**INPUT DATA**
== == ==

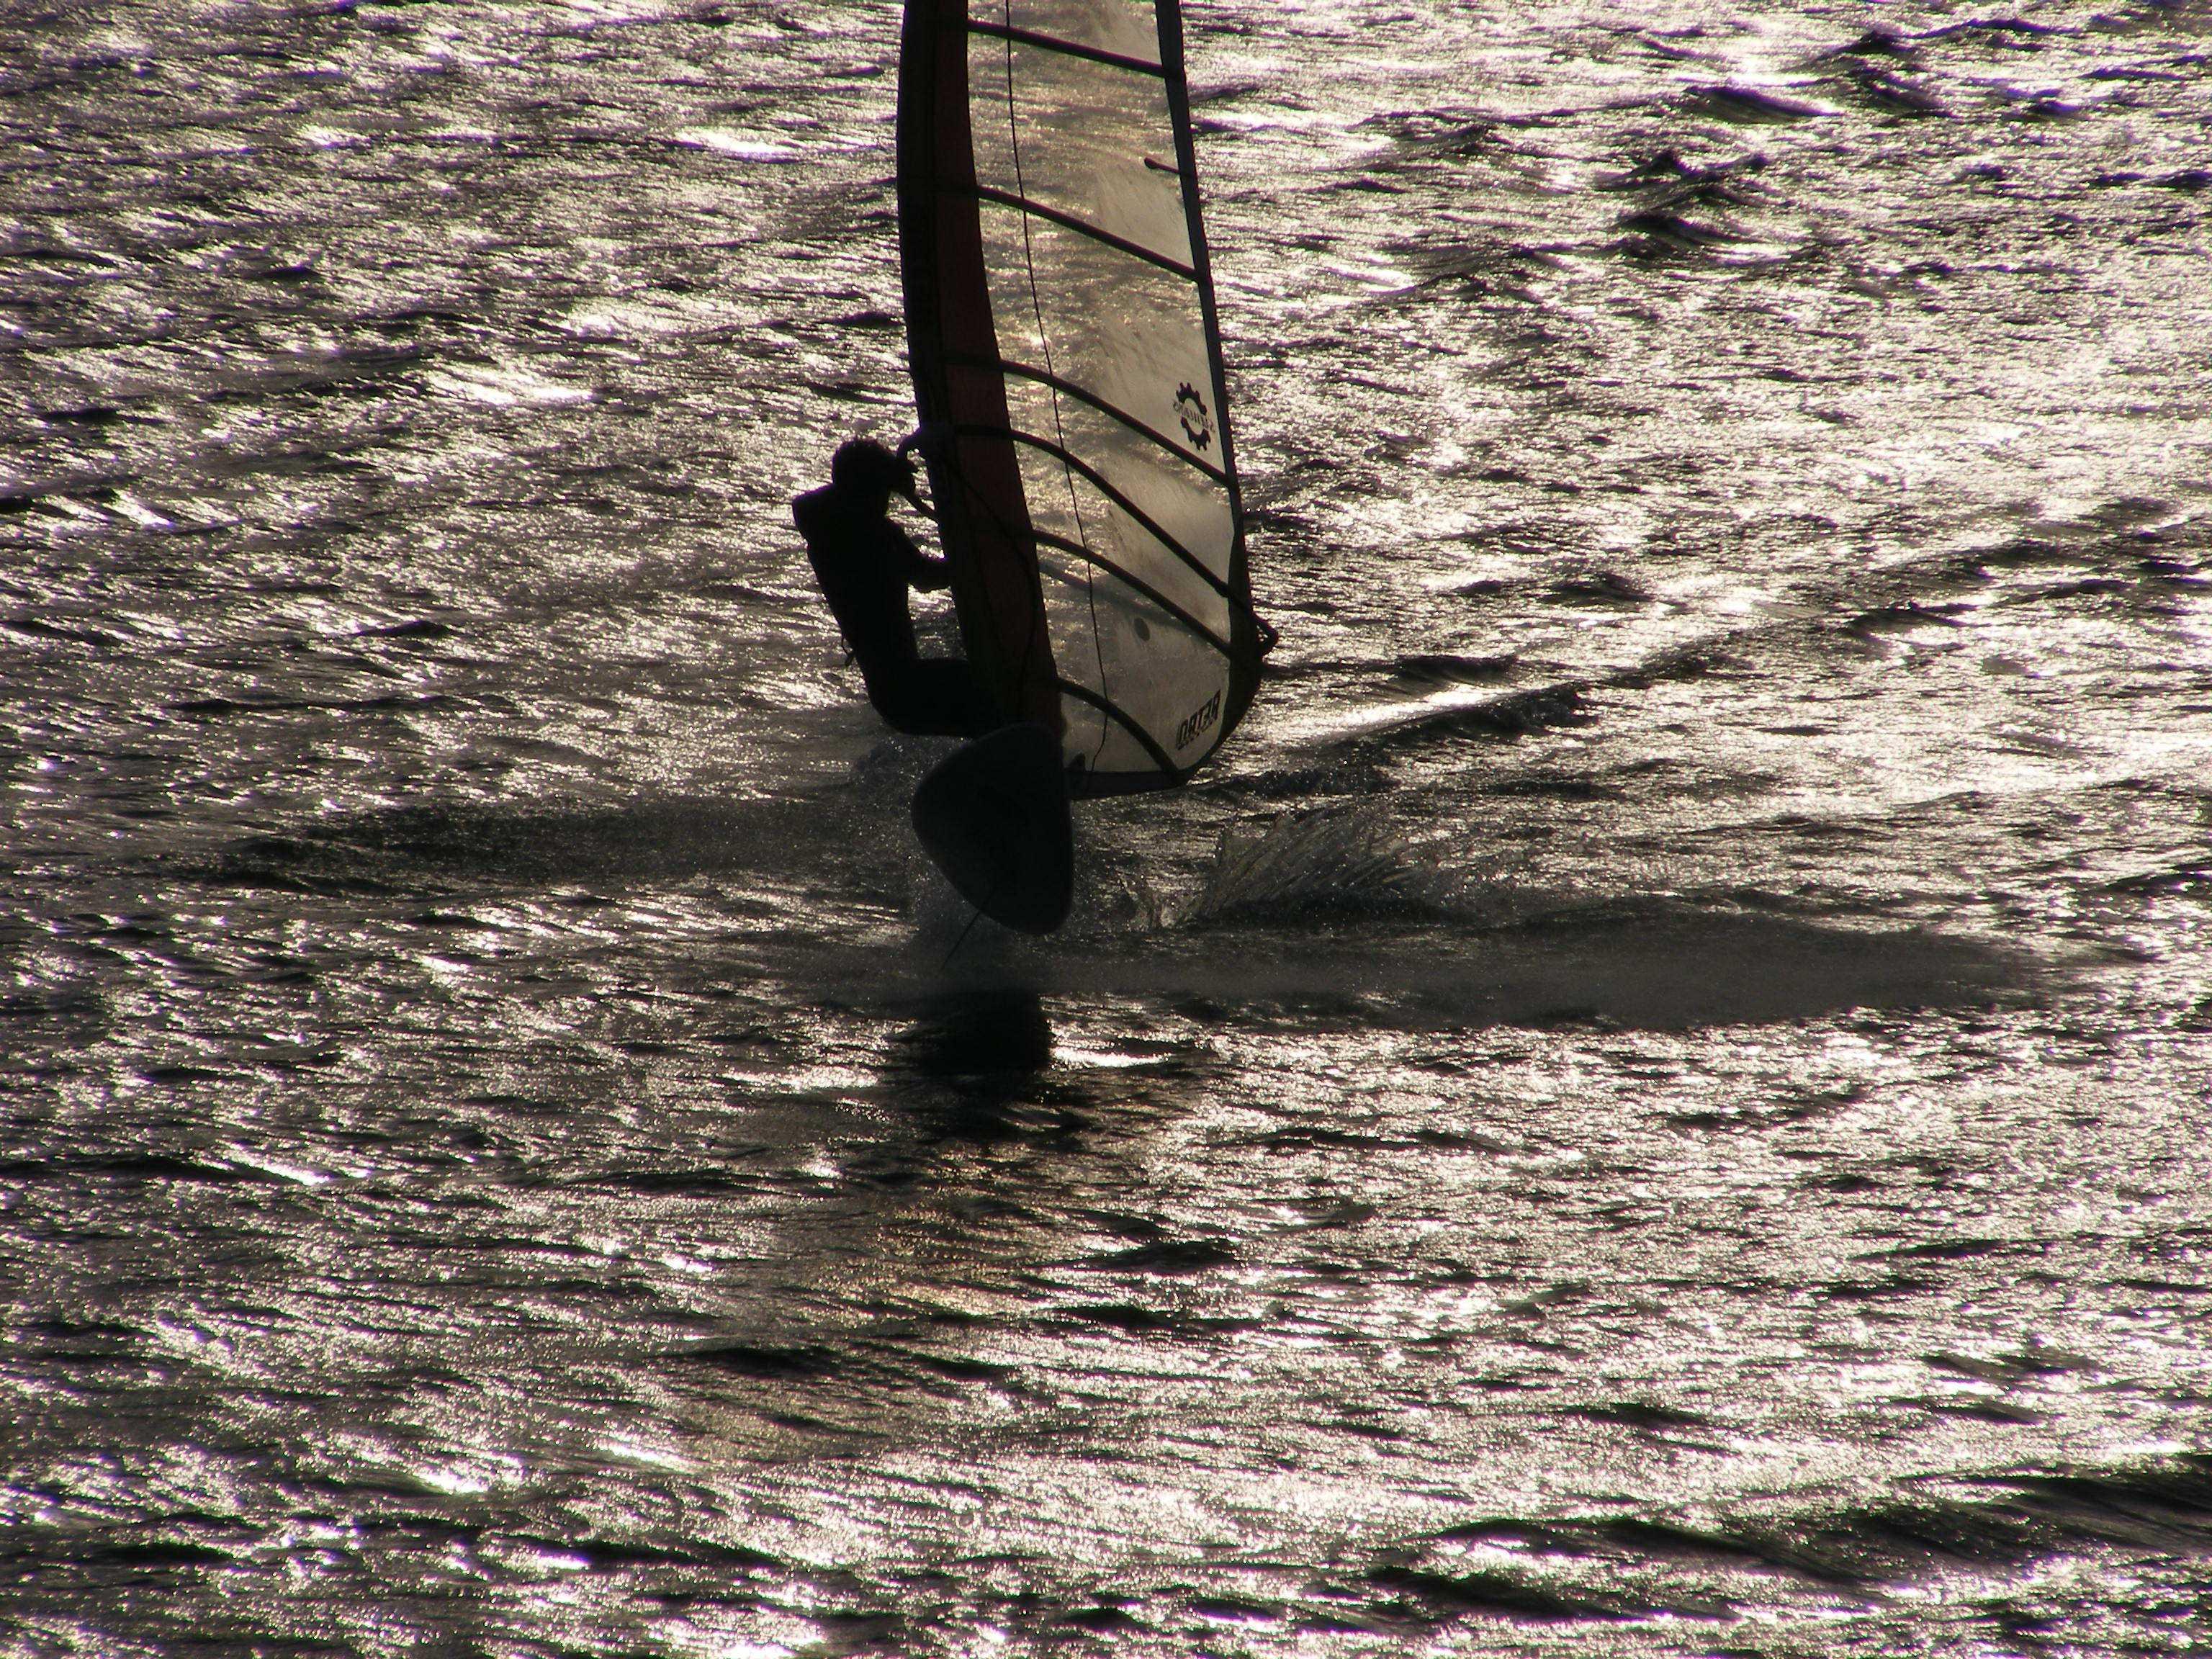 windsurfing-arad_30_2.jpg
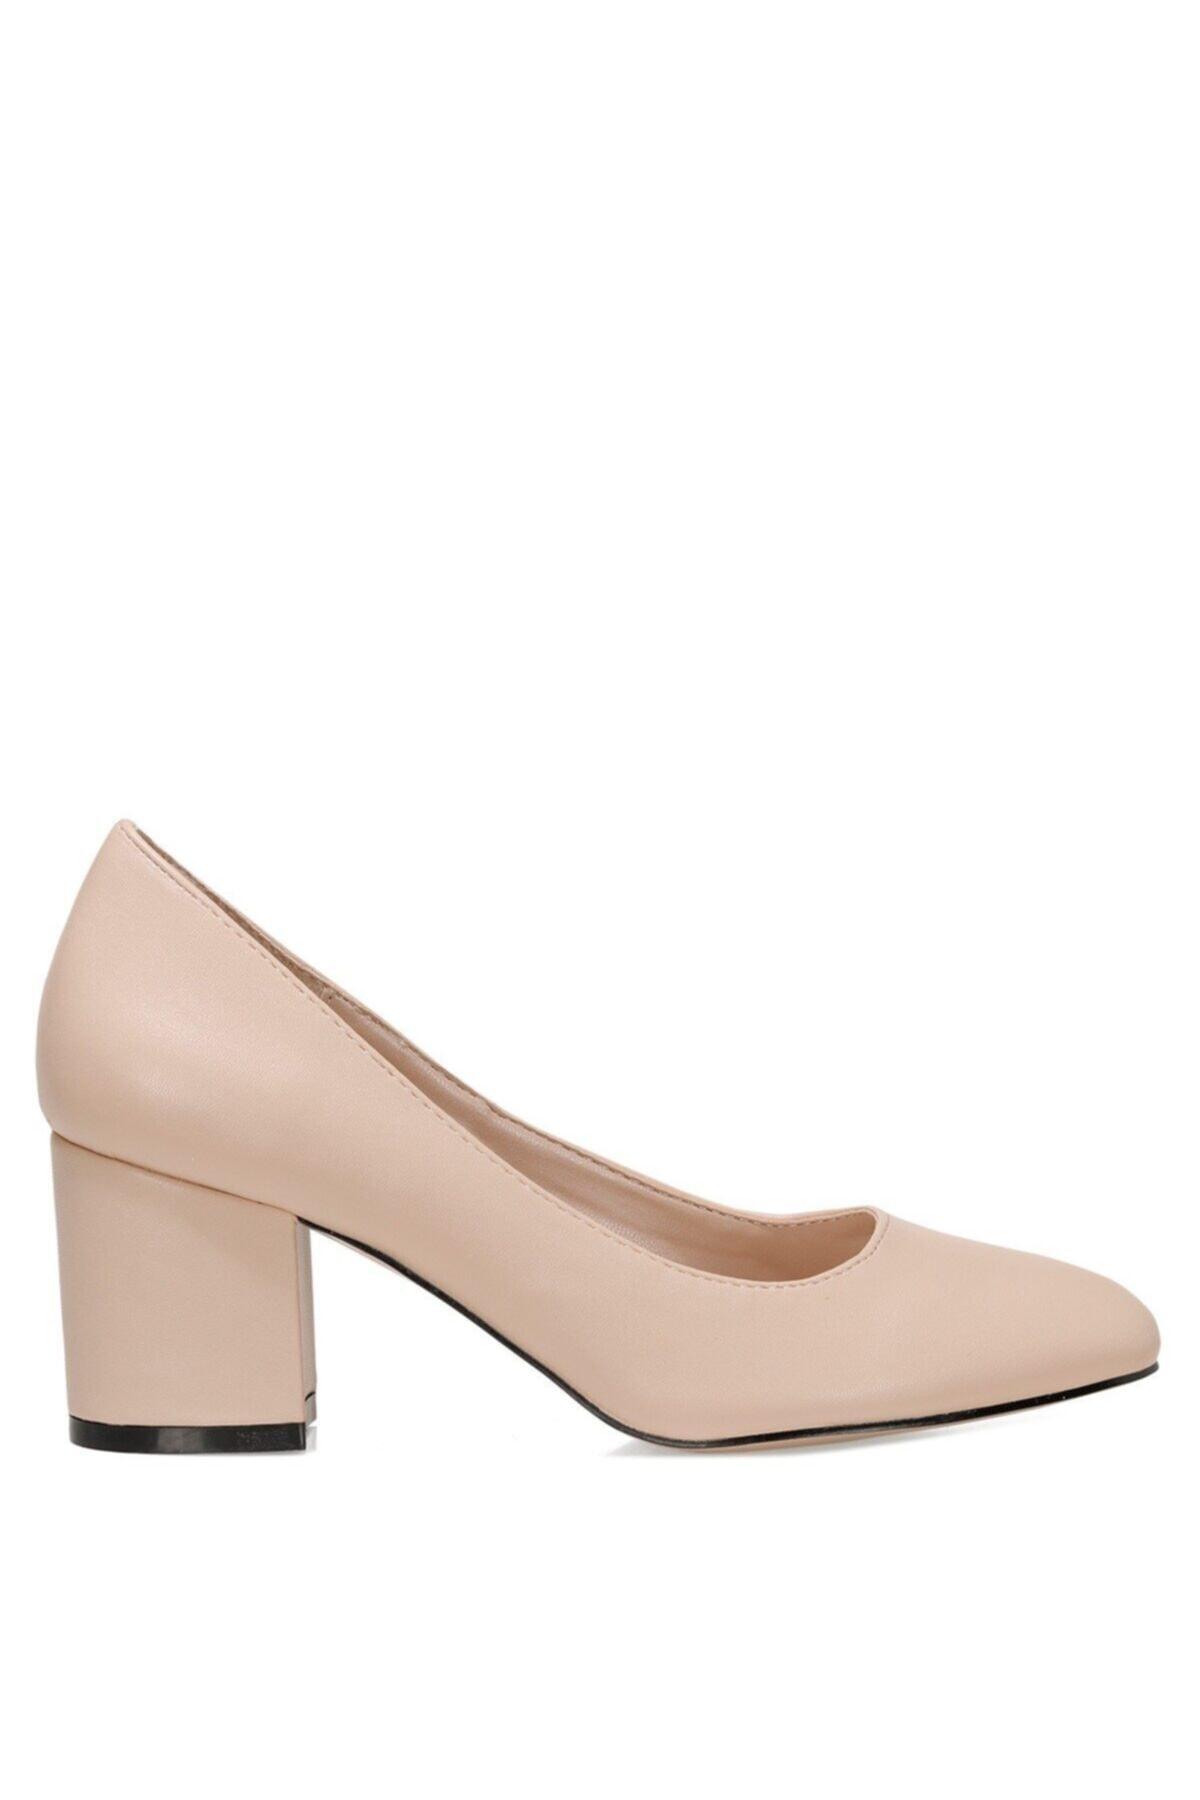 ULISEN 1FX NUDE Kadın Gova Ayakkabı 101029605
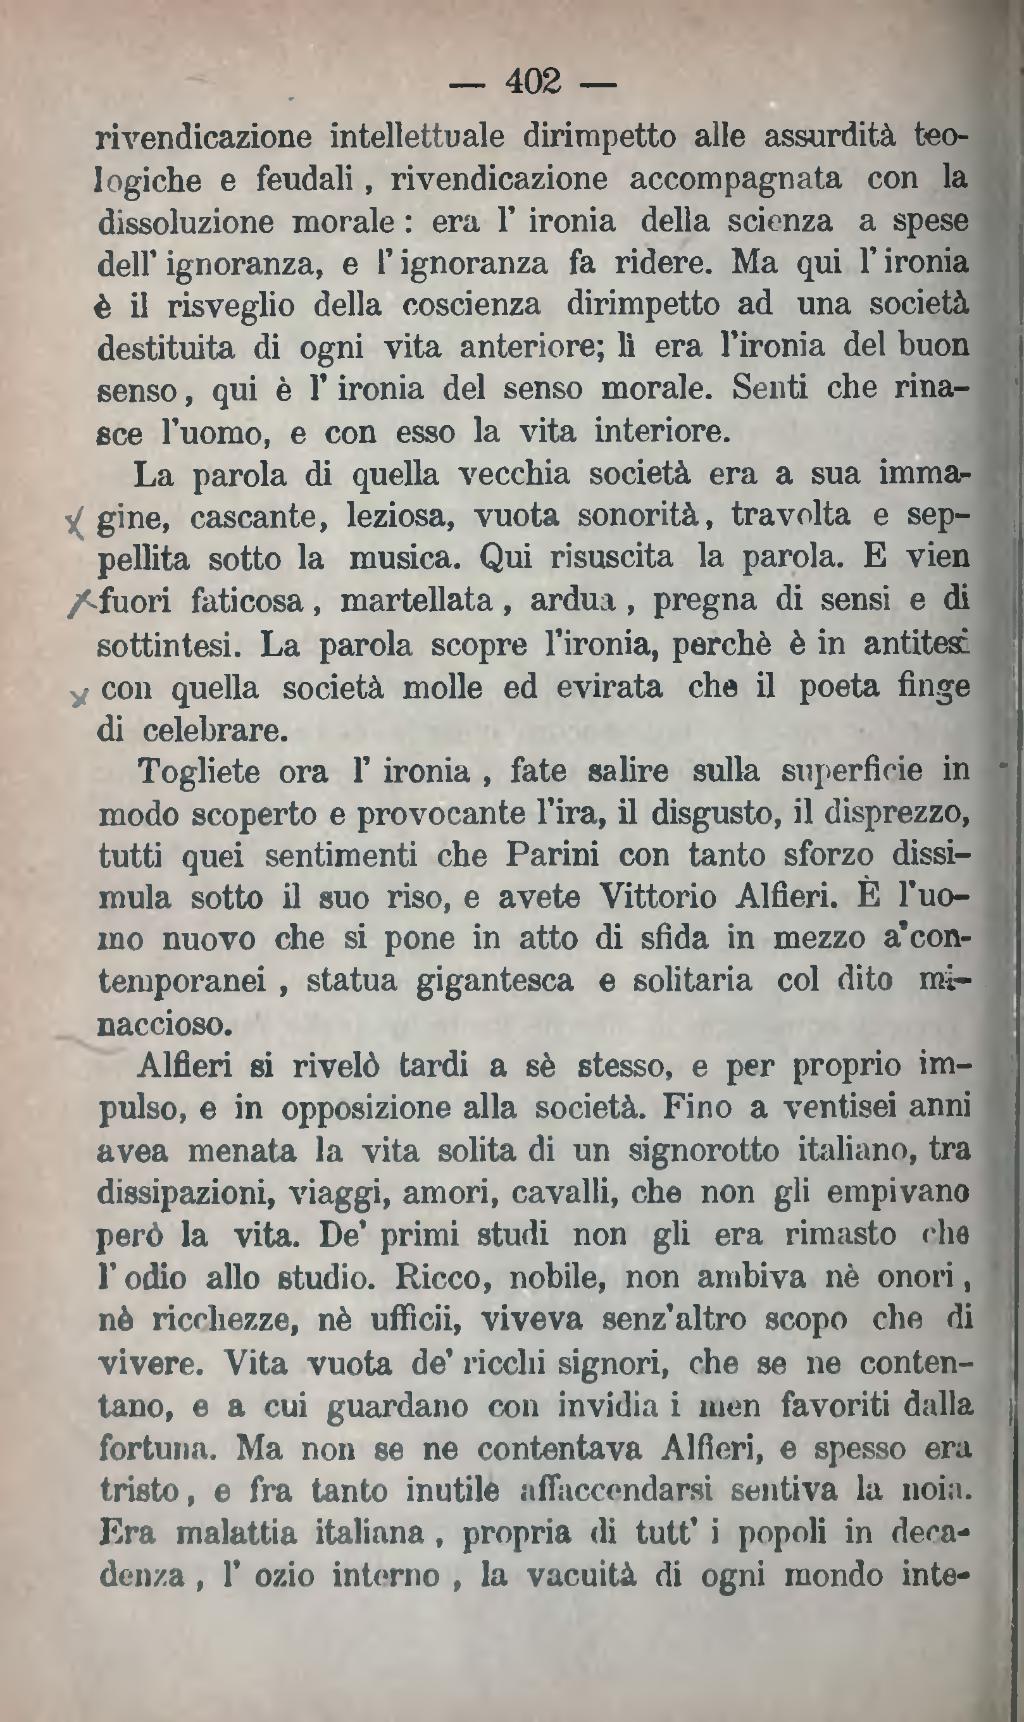 Pagina:Storia della letteratura italiana II.djvu/414

== == ==

**WORK ITEM**
Excluding pictures, copy exactly the lines from the line containing "ULISEN 1FX NUDE" through the last line of the data, inclusive.

**OUTPUT OF THE EXERCISE**
 ULISEN 1FX NUDE Kadın Gova Ayakkabı 101029605
 Pagina:Storia della letteratura italiana II.djvu/414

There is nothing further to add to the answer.